The Rise Of Open Finance



By now most investors and technology enthusiasts are aware of the growth of the blockchain phenomenon over the last few years. Prominently characterized by exorbitant price appreciation and depreciation. Unfortunately, far fewer people are aware of the massive amount of innovation that has subsequently been delivered as the result of a speculative bubble. The field of open finance has benefitted the most, open finance is traditionally described as data-sharing principles to enable third party providers to access customers' data across a broader range of financial sectors and products. The blockchain community has to some degree transcended the Open Finance field to create what is known as Decentralized Finance, DeFi for short, an approach to finance where services are openly accessible to any internet user, the user interacts with a protocol rather than a company.


If we are to understand this fundamental change we first have to explore the architecture behind our current banking and other financial services industry. As of today, the industry consists of centralized service providers that merely interact through communication protocols (e.g. SWIFT network) that live on the internet and are managed by organizations (e.g. Society for Worldwide Interbank Financial Telecommunication). Protocols that allow for settling financial transactions, they guarantee that transactions will be processed, executed, and settled. Banks are responsible for interfacing with these networks on behalf of their clients — sending the right messages and responding appropriately to messages received. The internet brought us, as users of banks, closer to their messaging network and allowing for online banking and fast mobile payments all whilst hundreds of bank branches closed across the globe.


Additionally, we have seen the rise of countless FinTech companies over the past decade, including digital and neobanks. These companies built on the edges of traditional banking, naturally expanding the capabilities of the banking industry itself. Companies that have experienced considerable user growth by servicing niches that banks have historically perceived unfeasible. These innovations are built on a set of technology that greatly reduces friction and overhead costs, but fundamentally the architecture has not evolved.

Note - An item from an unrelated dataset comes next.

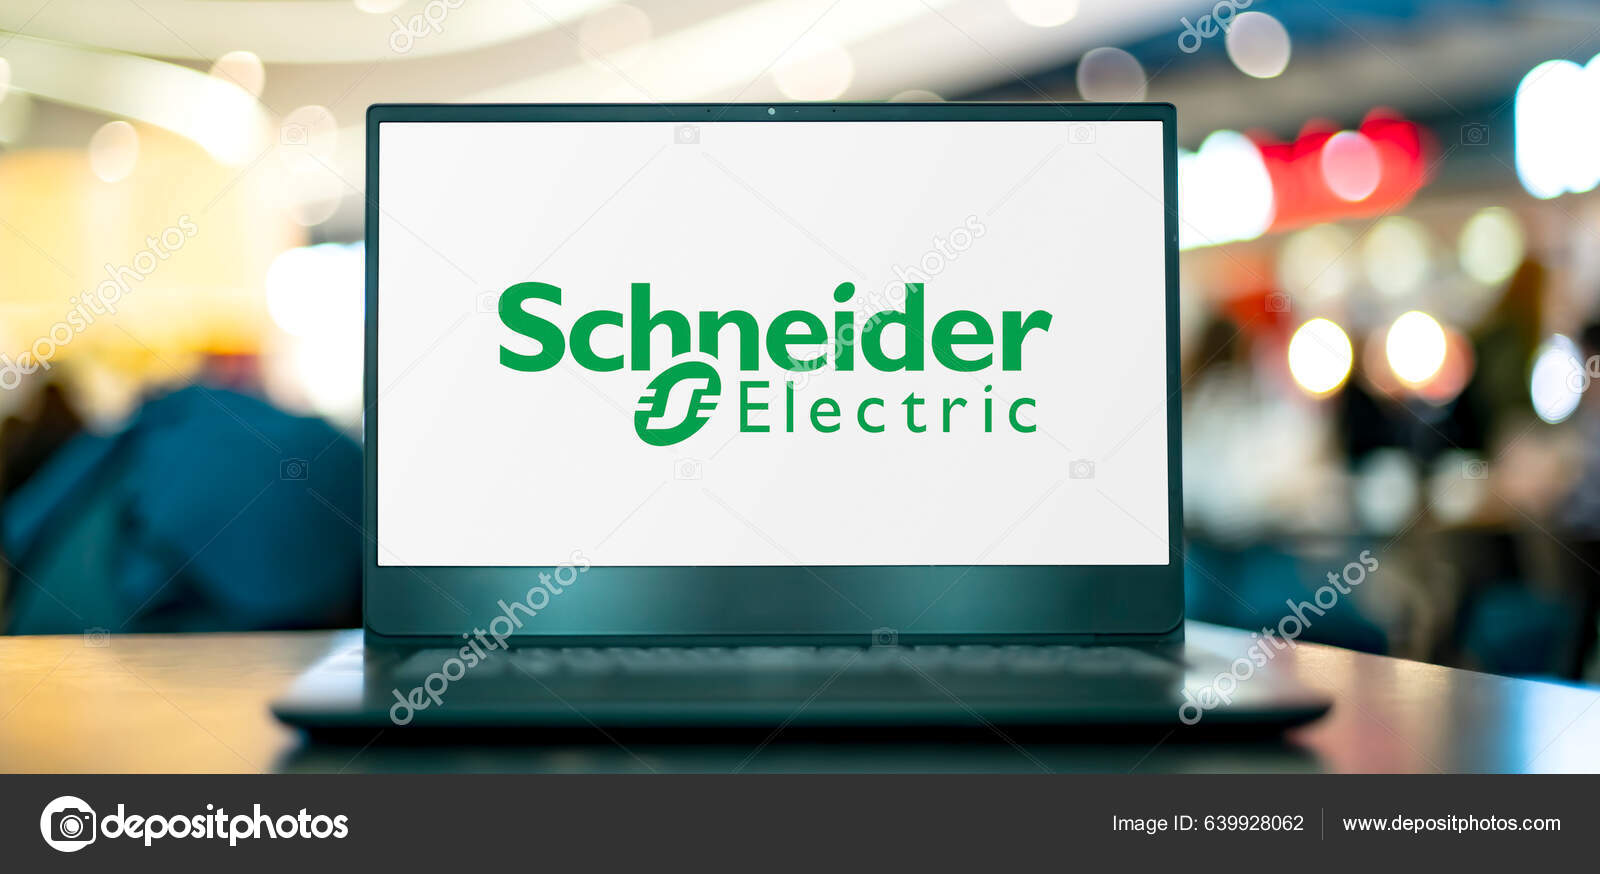 Achieve more by being our industrial partner | Schneider Electric USA

The Ethereum open-source network has been the clear leader in terms of protocol development. Where FinTech has traditionally been the innovation of services by companies for their clientele, Ethereum is a platform that allows for the deployment of service protocols and transaction of assets. In a similar manner to how Amazon is built on the internet, so could one create a fully-digital bank on the Ethereum Virtual Machine, this means that not just the interaction is digital but also the actual service. Banks are obviously still crucial in our current and future systems, but they are closed walled gardens of innovation that cannot compete with open-source development.


How does the Ethereum network make this possible?


At its most basic Ethereum is an improved version of the internet, it has additional expressiveness to other networks like Bitcoin in that it can provide guarantees over basic conditional agreements. If this, then that. When this, then that. These are known as smart contracts.



Smart contracts can be used to create trust-minimised services. Where users of the service can interact peer to peer without requiring a third-party intermediary to enforce and manufacture trust, which explains the above statement on how the actual service is digital. Ethereum is essentially a vending machine for the creation, management and settlement of trust-minimised financial services that replace the need for intermediaries in financial transactions.


Smart contract based blockchains are not just making banking better, but changing the role centralized entities play in the larger global financial markets. A role that could potentially involve facilitating the interaction between user and open-source coded financial service. Another way of looking at it is that instead of employing banks to send and receive messages for you, you can now directly interact with a financial network.


There is obviously an ugly side to open innovation, the hype, volatility and speculation are often cited as reasons for its likely failure. Generalising the bad behaviour of a few whilst discrediting the rest is going to become an expensive mistake for any banks trying to remain relevant in the digital age.